The new slate of Commissioners is expected to shake things up at the FTC.  While generally avoiding firm policy positions or legal interpretations during the confirmation process, the appointees affirmed their commitment to vigorously enforcing consumer protection and antitrust laws and expressed distinct interests in specialized topics such as big data and interconnected devices.  Now that the confirmation process has run its course, the coming days are likely to shed more light on the key priorities for the new Chair and Commissioners.

The FTC today filed a complaint against Lending Club alleging that it deceived consumers by advertising loans with “no hidden fees” and subsequently concealing substantial loan origination fees.  The complaint points to consumer complaints and internal compliance documents as evidence that Lending Club knew that consumers were being misled and continued to misrepresent the loans anyway.

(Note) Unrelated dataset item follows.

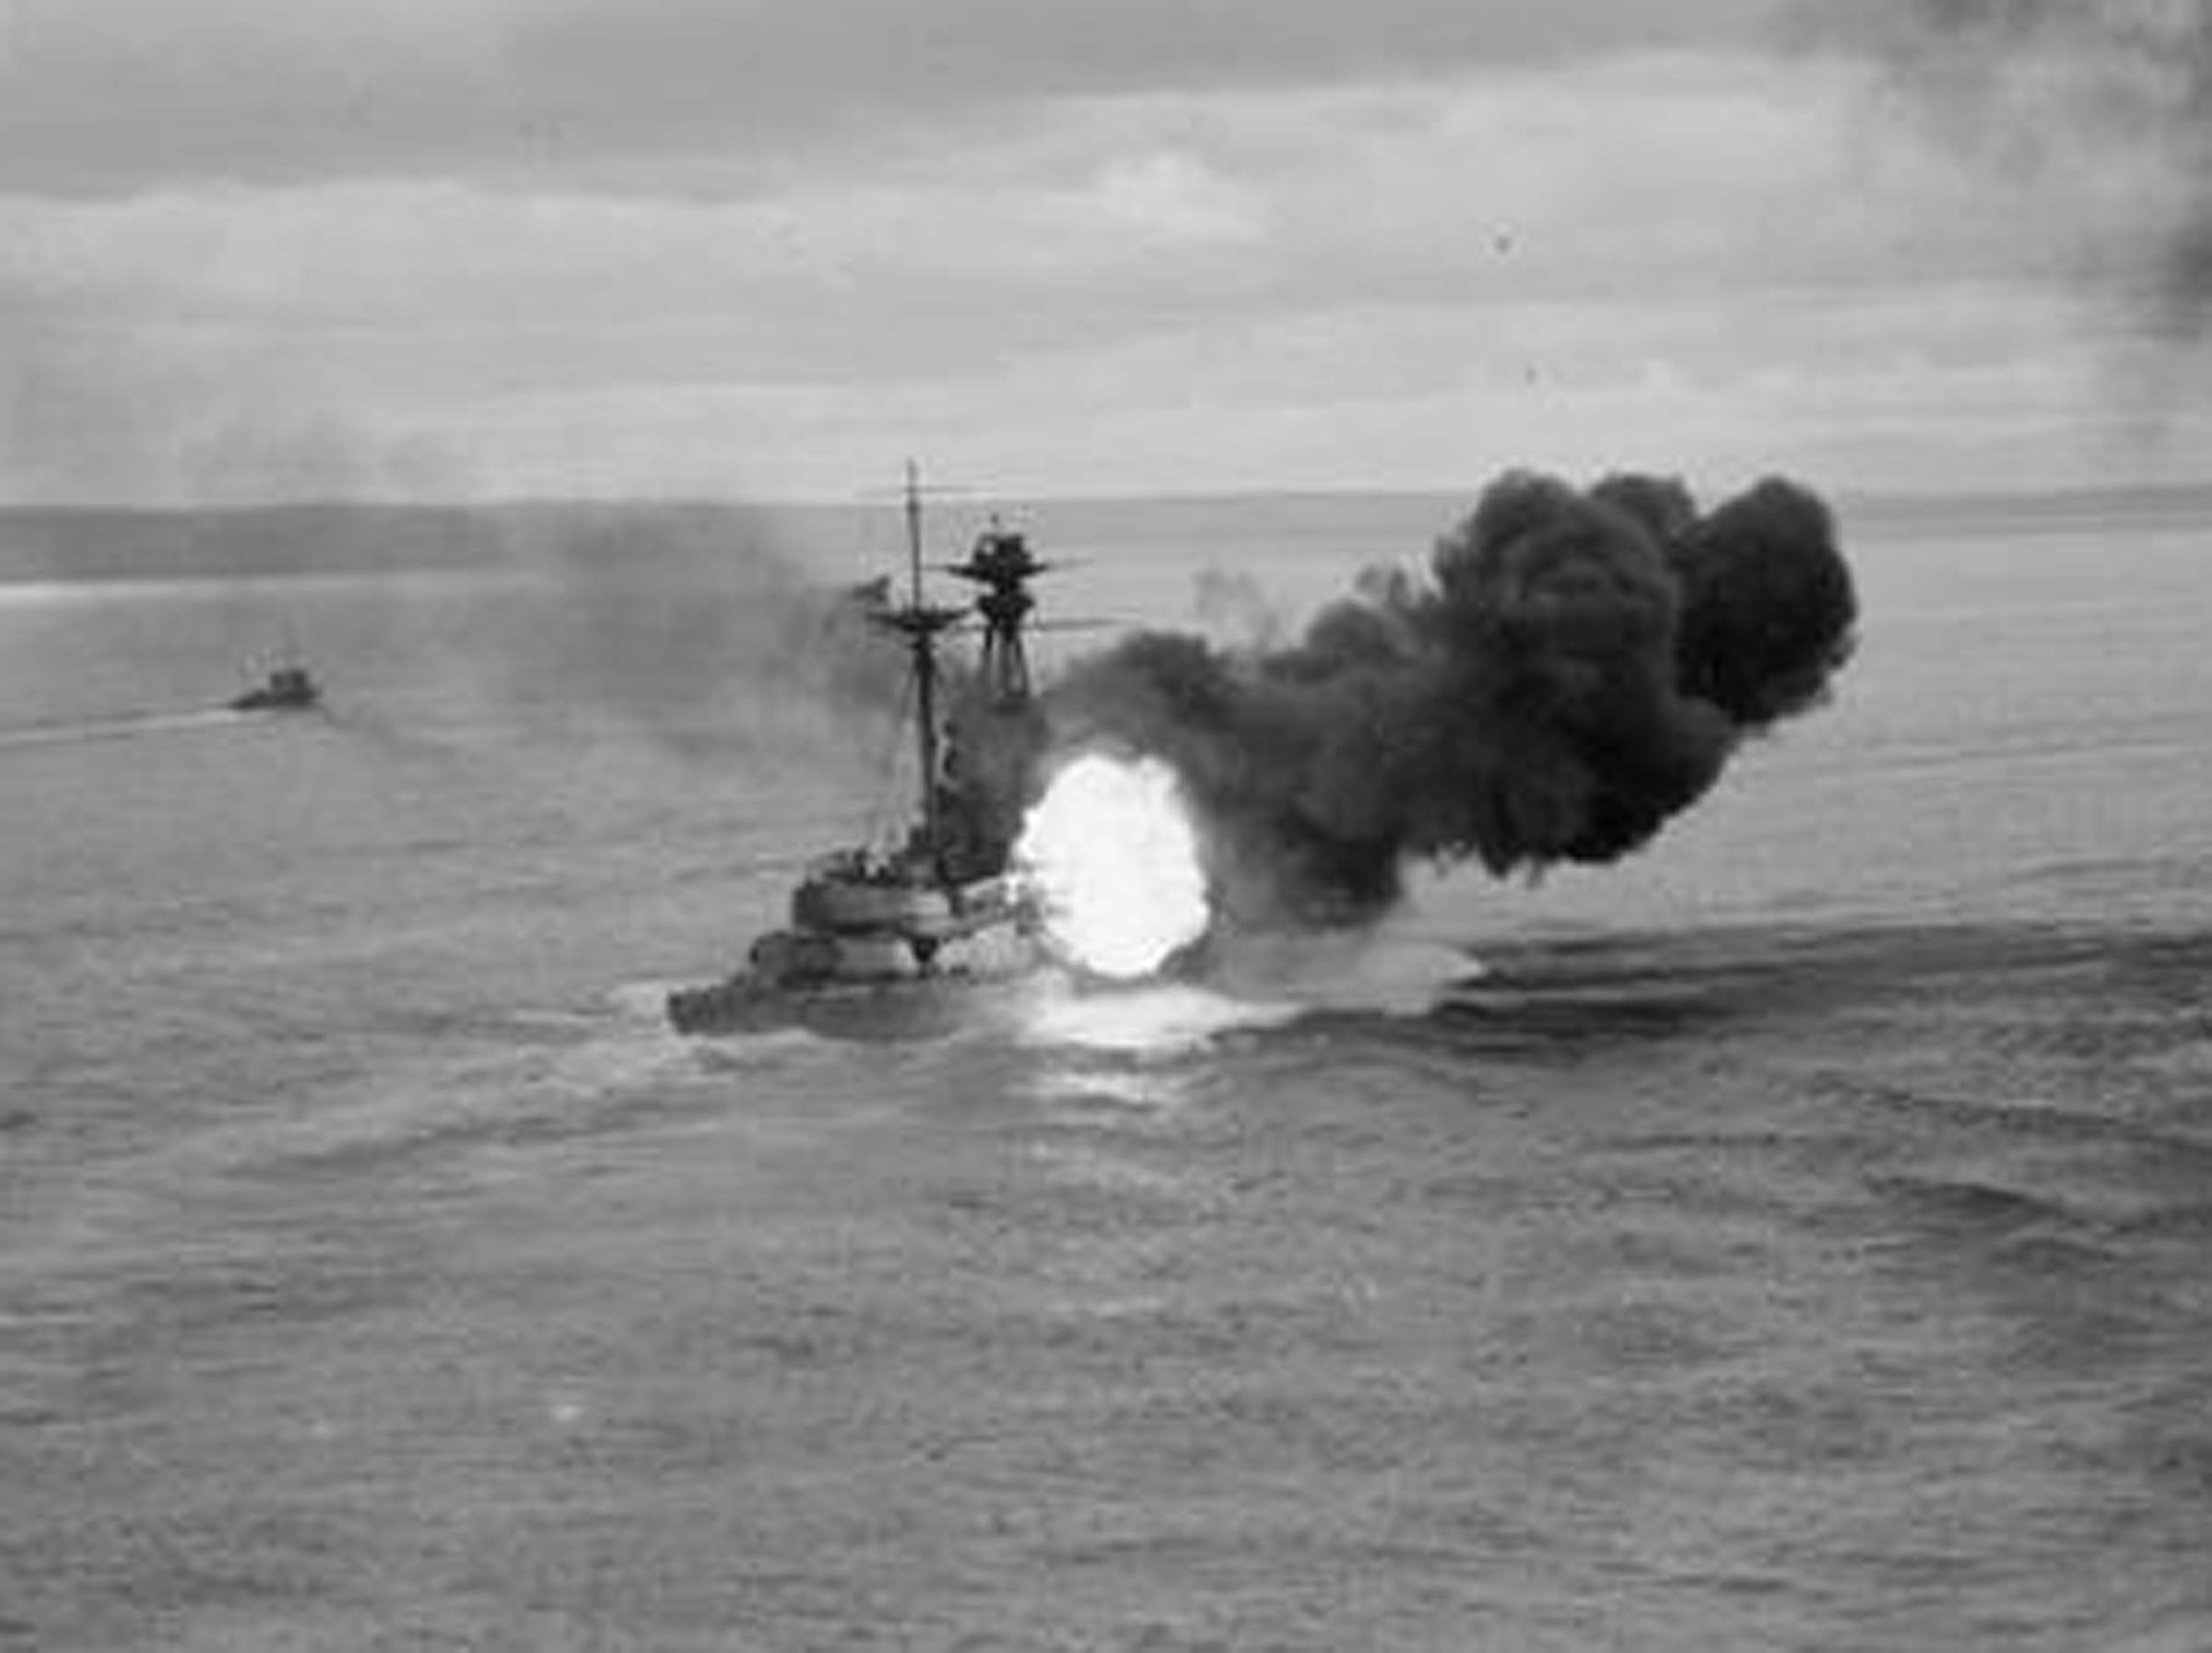 HMS Resolution fires her guns © IWM (Q 18140)

The complaint charges four distinct violations:

  • Deception regarding up-front fees.  While advertising loans with “no hidden fees,” the Commission alleged that Lending Club actually charged substantial loan origination fees (on average, about 5% of the loan amount) and failed to clearly and conspicuously disclose those fees – both in advertising and throughout the application and approval process.  The complaint provides screenshots of the consumer experience from advertisement to sign-up to approval.  In both the desktop and mobile environment, the FTC charged that consumers were deceived because they would need to do either of the following to learn about the fee: (1) hover over a hyperlink explaining advertised APR to learn that the represented rate includes the loan origination fee; or (2) scroll to the bottom of the loan approval page and notice the fee disclosure embedded in the middle of a text heavy page.  The FTC cited frequent consumer complaints and internal compliance documents referencing potential deception to argue that Lending Club knew it was deceiving consumers and decided to continue its practices anyway.
  • Deception regarding loan approval.  The complaint also alleges that Lending Club made deceptive representations that loans were “on the way” or were “100% backed,” notwithstanding that it knew that a more significant approval step had yet to be completed and many consumers would not ultimately obtain the allegedly approved loans.  According to the complaint, Lending Club uses a two-step “front-end” and “back-end” approval process and misleadingly suggested that consumers were approved after just the first step, despite knowing many consumers would be rejected after the “back-end” step.
  • Unfair billing practices.  The complaint also alleges that Lending Club engaged in unfair acts by withdrawing money from consumers’ bank accounts without authorization, or in amounts in excess from consumers’ authorizations.  Many of these unauthorized charges occurred after consumers had already paid off their loans with Lending Club, according to the complaint.
  • Gramm-Leach-Bliley Act (GLBA) violations.  Lastly, the complaint alleges that Lending Club violated GLBA by failing to deliver initial privacy notices to consumers as required under GLBA and FTC and CFPB implementing regulations.  The complaint explains that Lending Club was subject to GLBA because it is a financial institution under the Act in that it services loans, notwithstanding that the loans are actually made by a third-party bank.  The GLBA allegations are a good reminder that the definition of “financial institution” under GLBA is a tricky one that is distinct from similar definitions under other statutes.

The complaint was filed without a consent judgment in federal court in the Northern District of California, and was approved by both remaining Commissioners, Chair Ohlhausen and Commissioner McSweeny.  McSweeny recently announced that she will leave the Commission at the end of this week on April 27.  Five new Commissioners nominated by President Trump are presently awaiting a full Senate confirmation vote.